WHAT THE TASK ASKS: Exclude the pictures and set down, unaltered, the lines from the one that holds "2017 Iowa Final" through the end of the data.

───── STORED DATA ─────

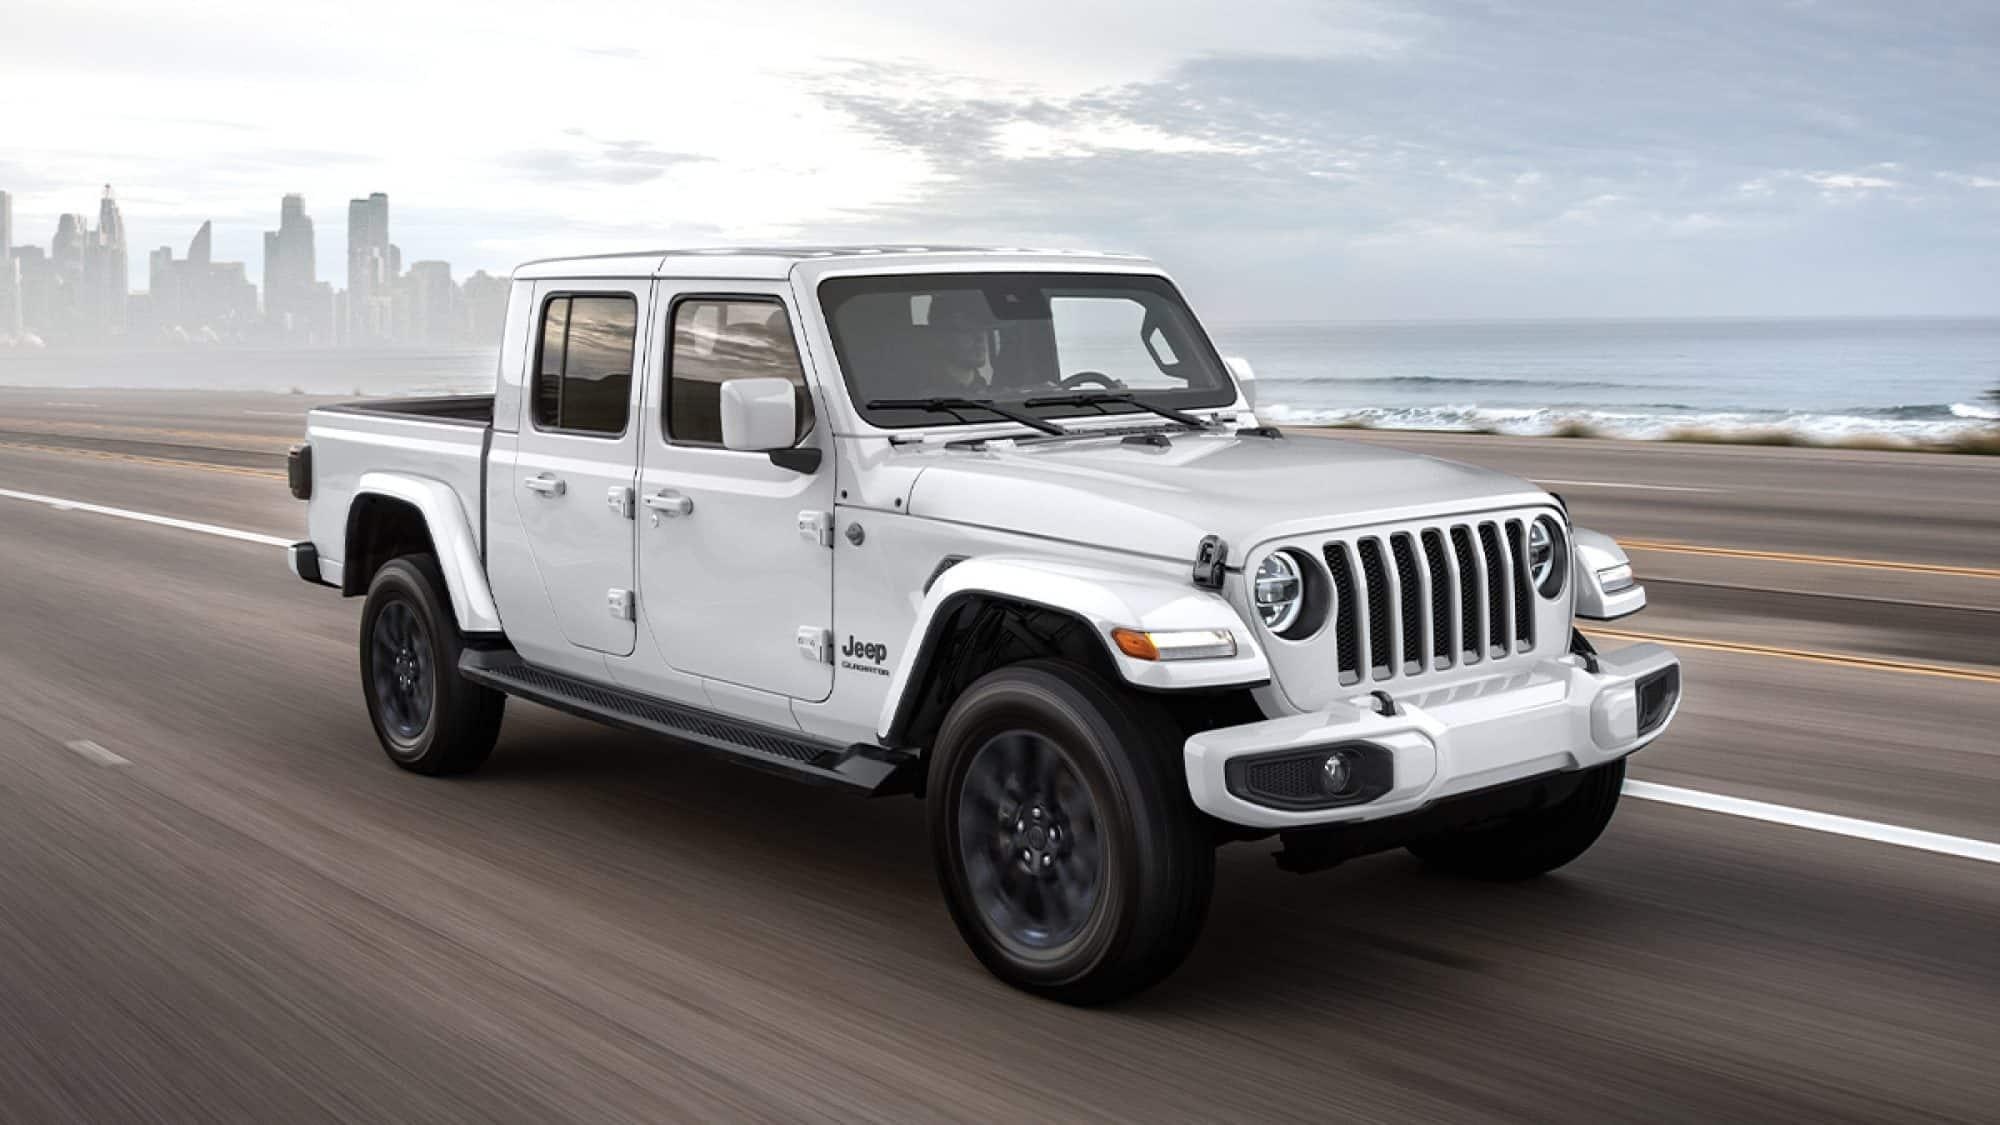 Jeep Ram Chelsea MI
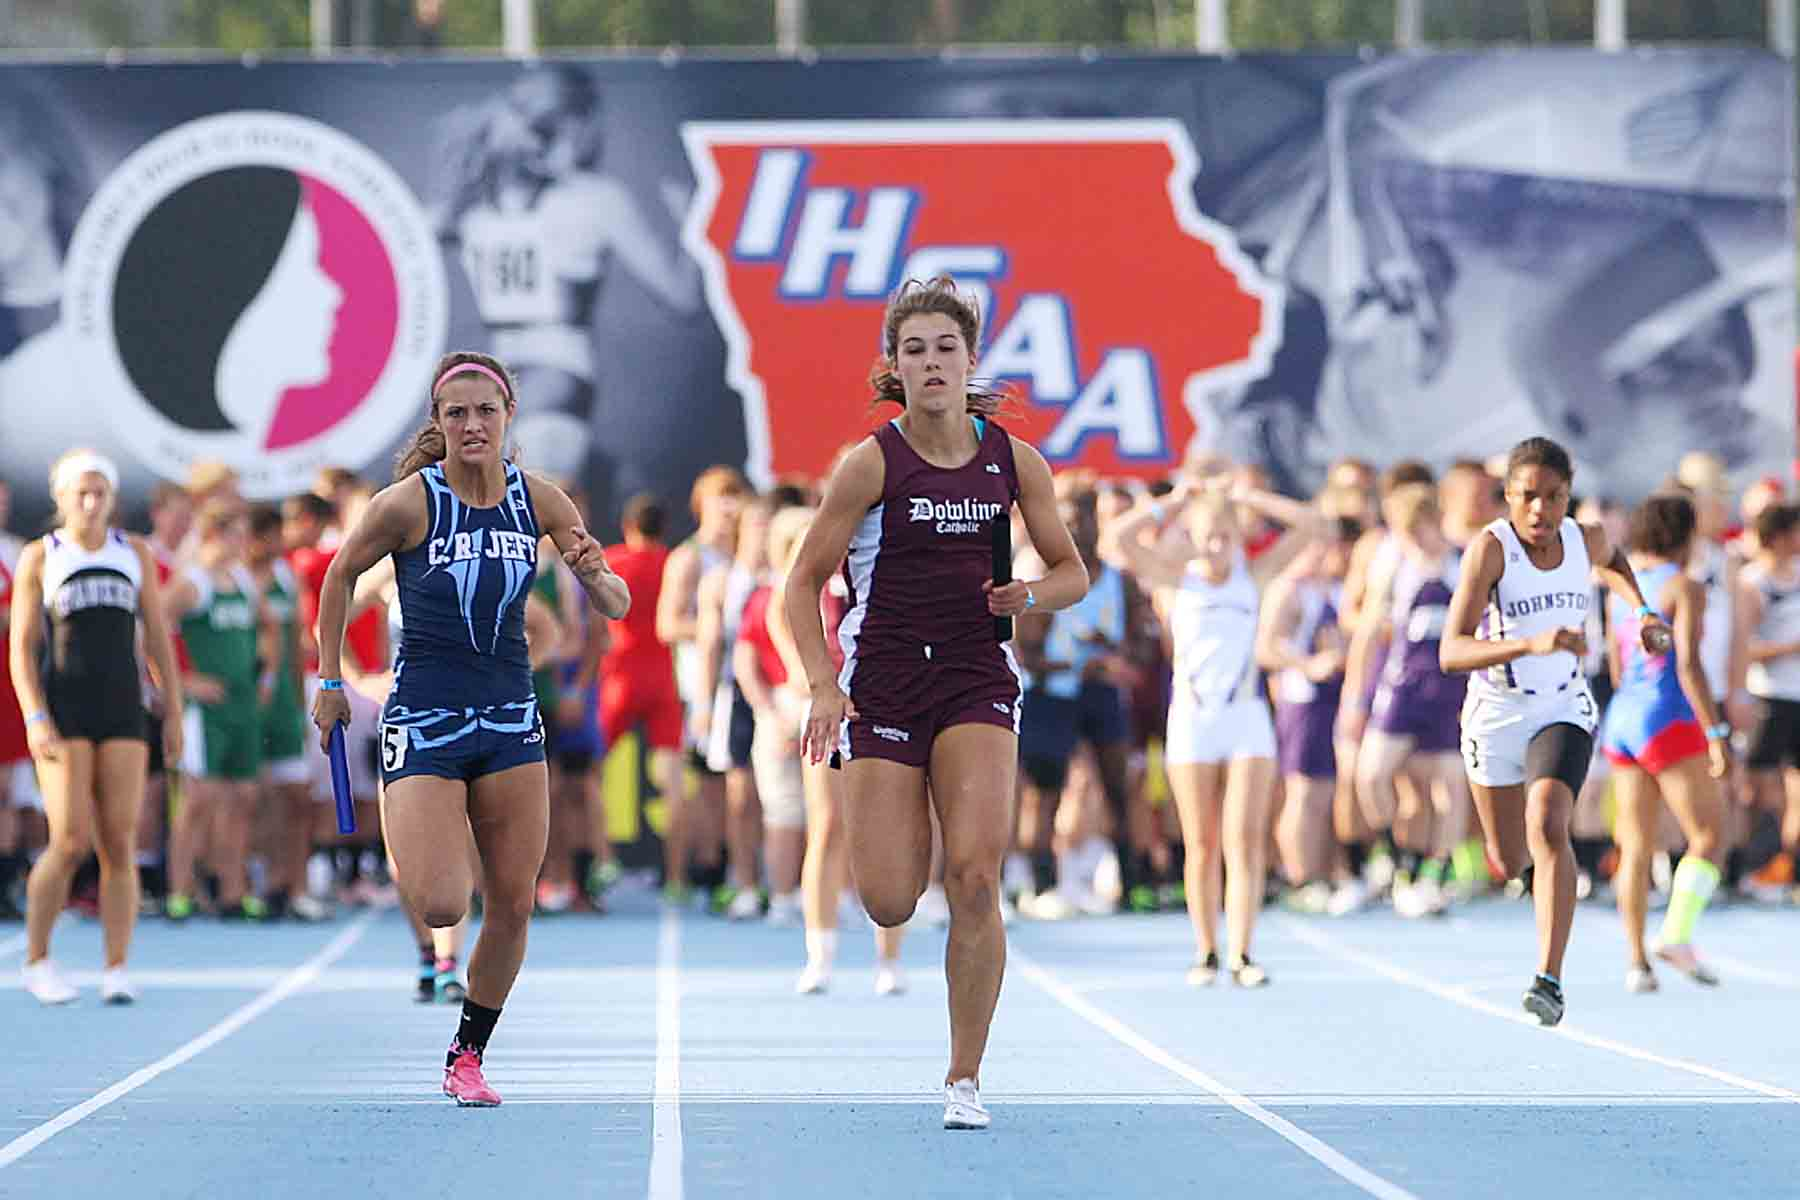 2017 Iowa Final High School Outdoor Track & Field Rankings: Girls Sprints  And Hurdles
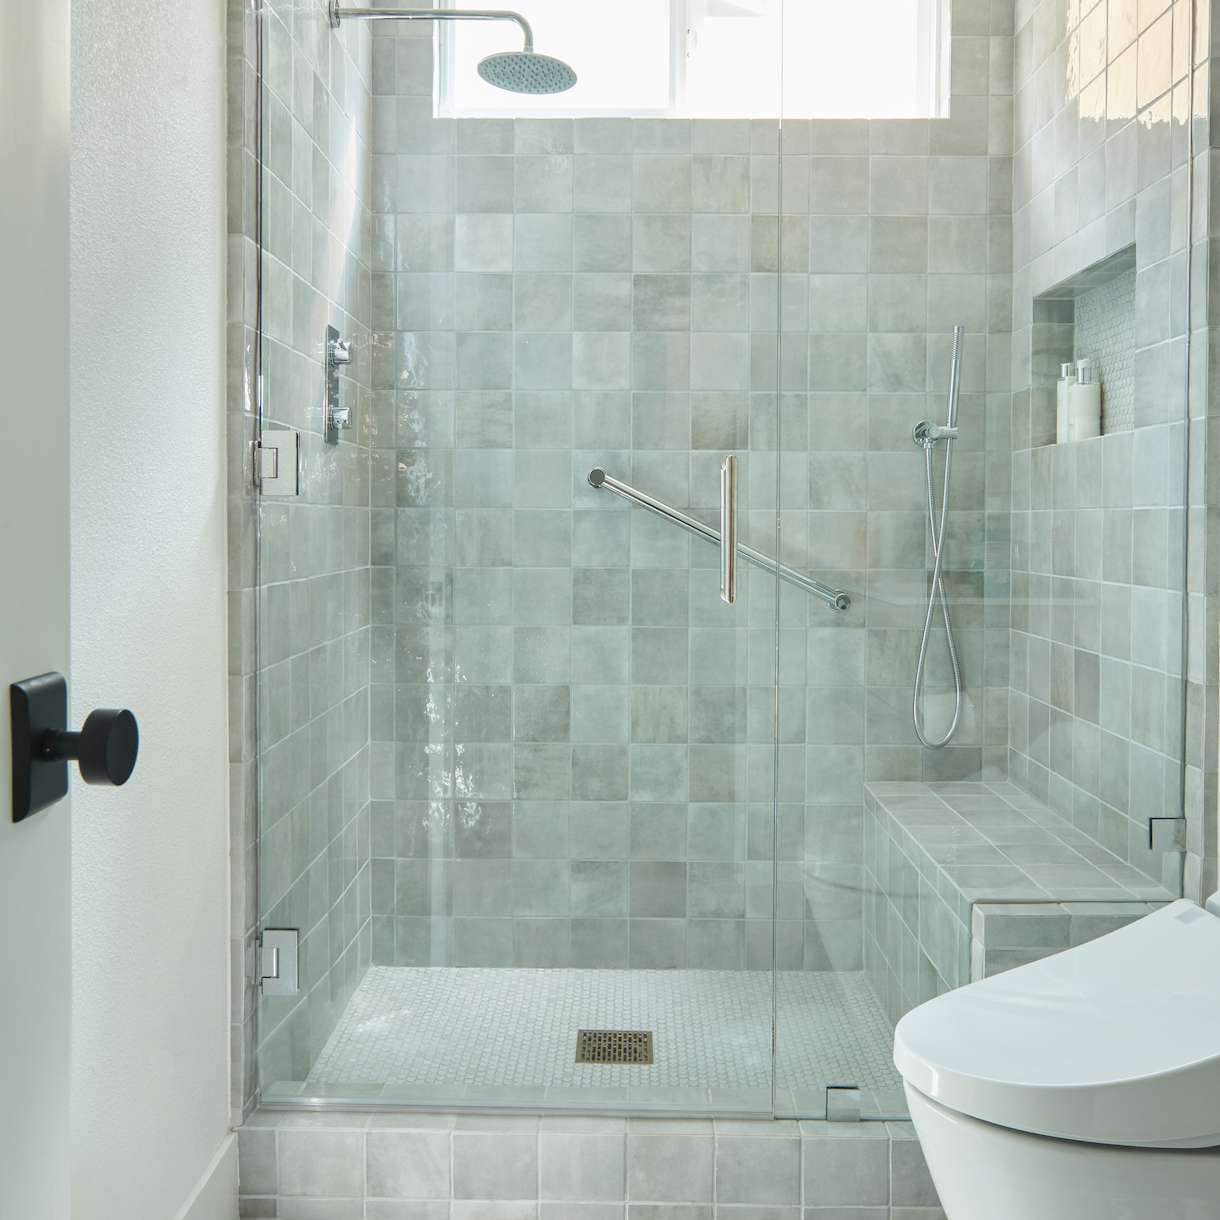 Glass door on a shower

─────

RESULT OF THE EXERCISE:
 2017 Iowa Final High School Outdoor Track & Field Rankings: Girls Sprints  And Hurdles
 Glass door on a shower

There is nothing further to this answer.